### YOUR INSTRUCTIONS
Every line of the material must be restated exactly, though not its pictures.

### SOURCE DATA
⁂

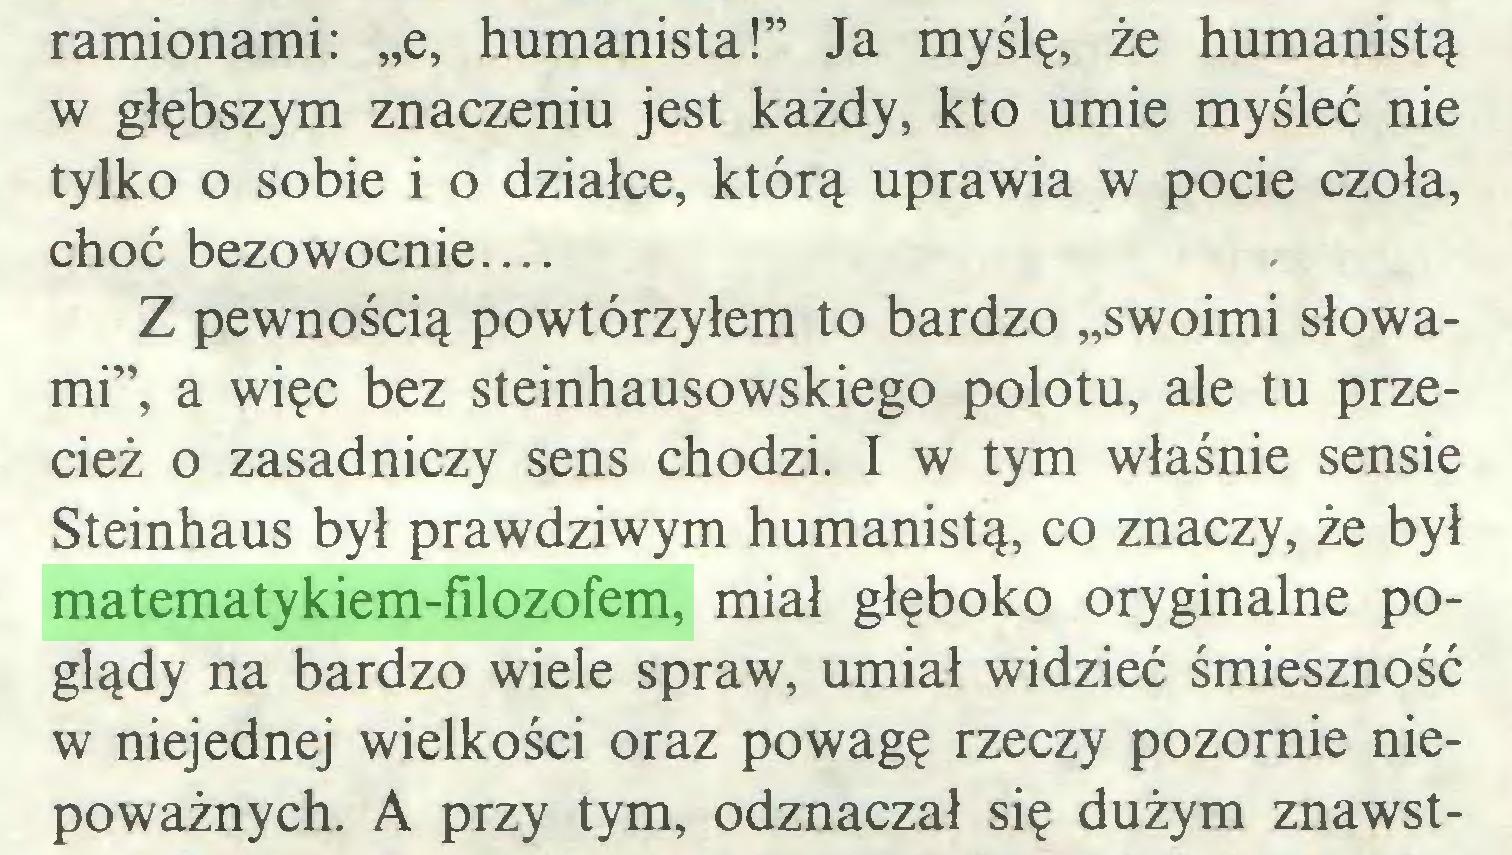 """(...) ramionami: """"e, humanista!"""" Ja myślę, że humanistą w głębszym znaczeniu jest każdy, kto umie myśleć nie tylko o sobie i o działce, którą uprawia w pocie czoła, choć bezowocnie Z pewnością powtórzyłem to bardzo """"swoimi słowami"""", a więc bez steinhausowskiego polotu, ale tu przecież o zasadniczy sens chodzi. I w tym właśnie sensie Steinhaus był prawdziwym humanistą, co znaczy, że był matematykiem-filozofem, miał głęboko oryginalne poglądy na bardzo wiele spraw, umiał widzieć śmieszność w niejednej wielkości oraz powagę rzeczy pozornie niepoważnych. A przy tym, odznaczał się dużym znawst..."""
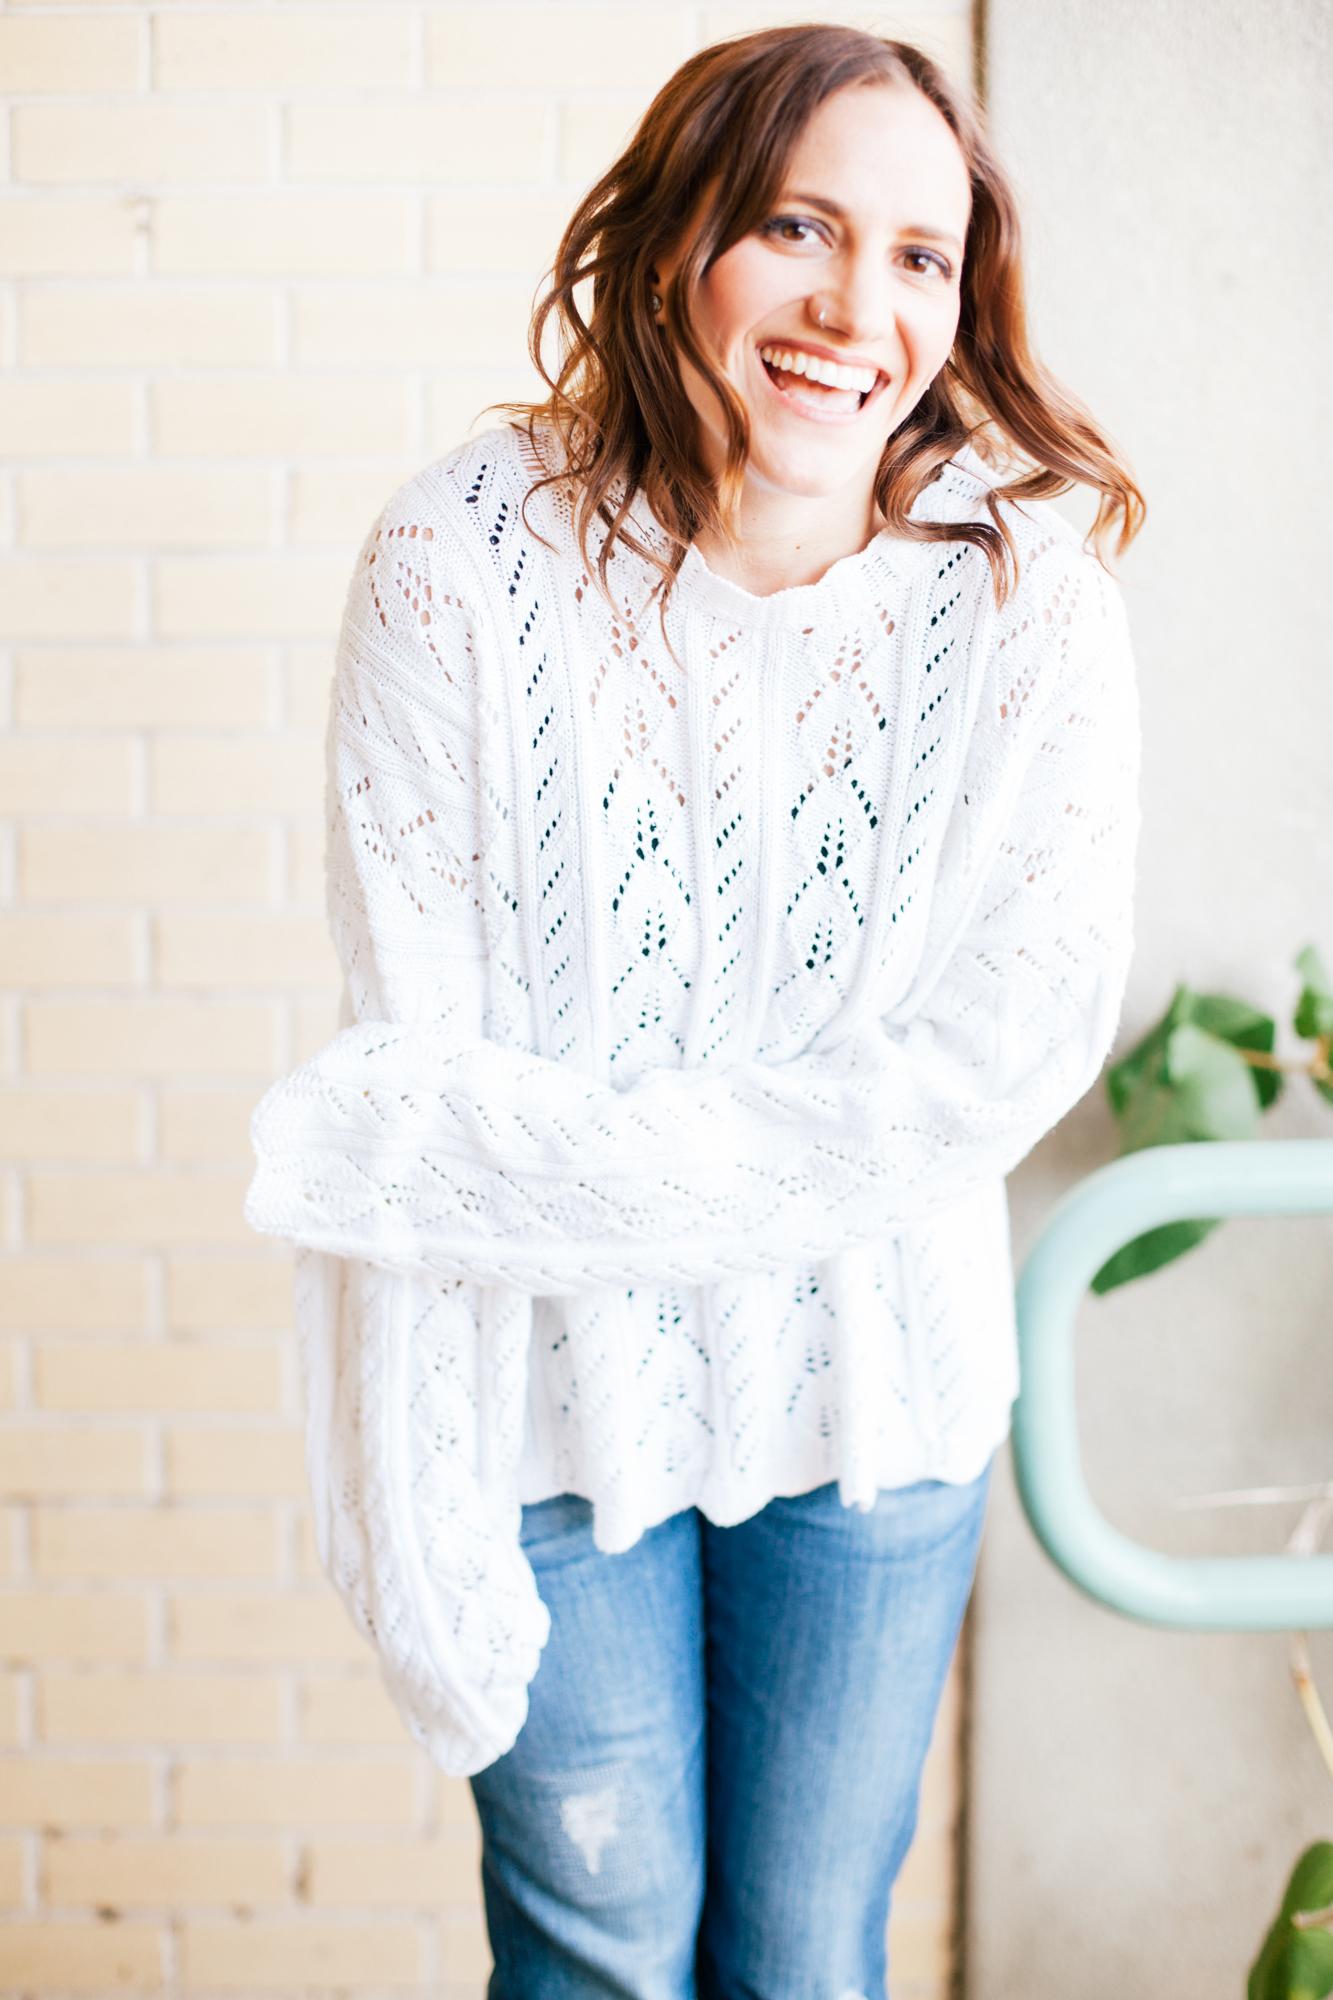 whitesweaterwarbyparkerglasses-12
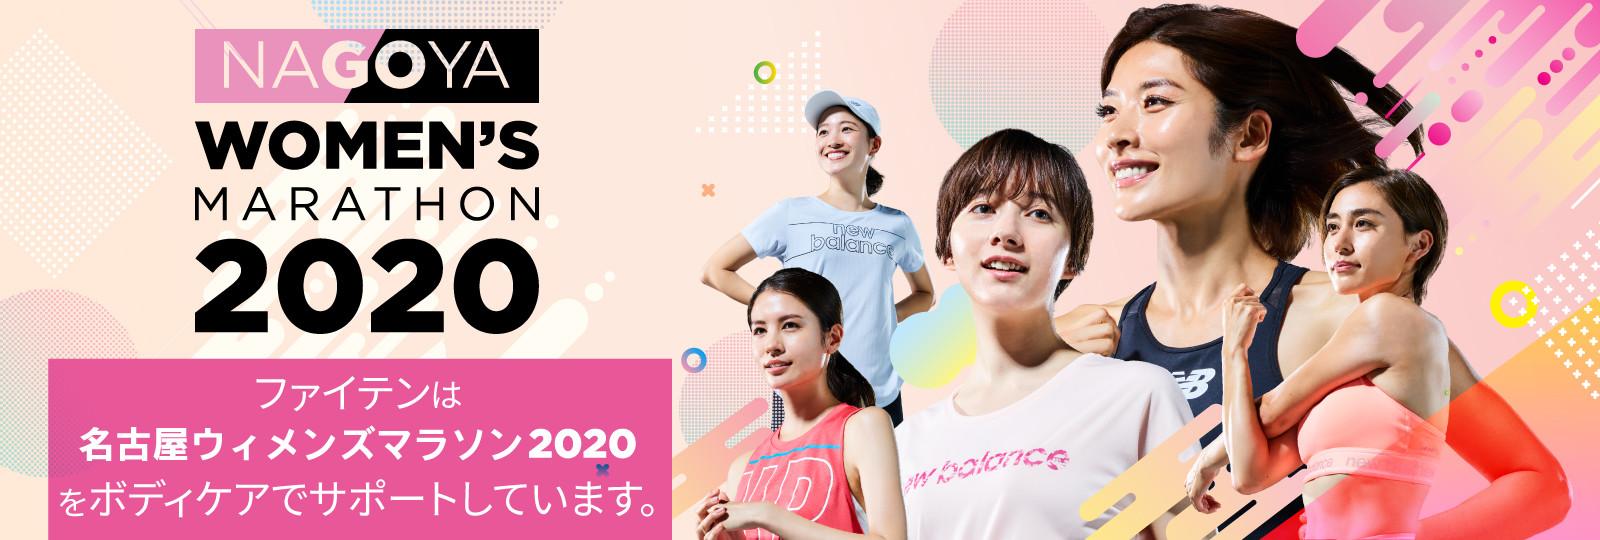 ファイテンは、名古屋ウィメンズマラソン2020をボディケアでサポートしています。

⁂

### ANSWER TO THIS EXERCISE
 """(...) ramionami: """"e, humanista!"""" Ja myślę, że humanistą w głębszym znaczeniu jest każdy, kto umie myśleć nie tylko o sobie i o działce, którą uprawia w pocie czoła, choć bezowocnie Z pewnością powtórzyłem to bardzo """"swoimi słowami"""", a więc bez steinhausowskiego polotu, ale tu przecież o zasadniczy sens chodzi. I w tym właśnie sensie Steinhaus był prawdziwym humanistą, co znaczy, że był matematykiem-filozofem, miał głęboko oryginalne poglądy na bardzo wiele spraw, umiał widzieć śmieszność w niejednej wielkości oraz powagę rzeczy pozornie niepoważnych. A przy tym, odznaczał się dużym znawst..."""
 whitesweaterwarbyparkerglasses-12
 ファイテンは、名古屋ウィメンズマラソン2020をボディケアでサポートしています。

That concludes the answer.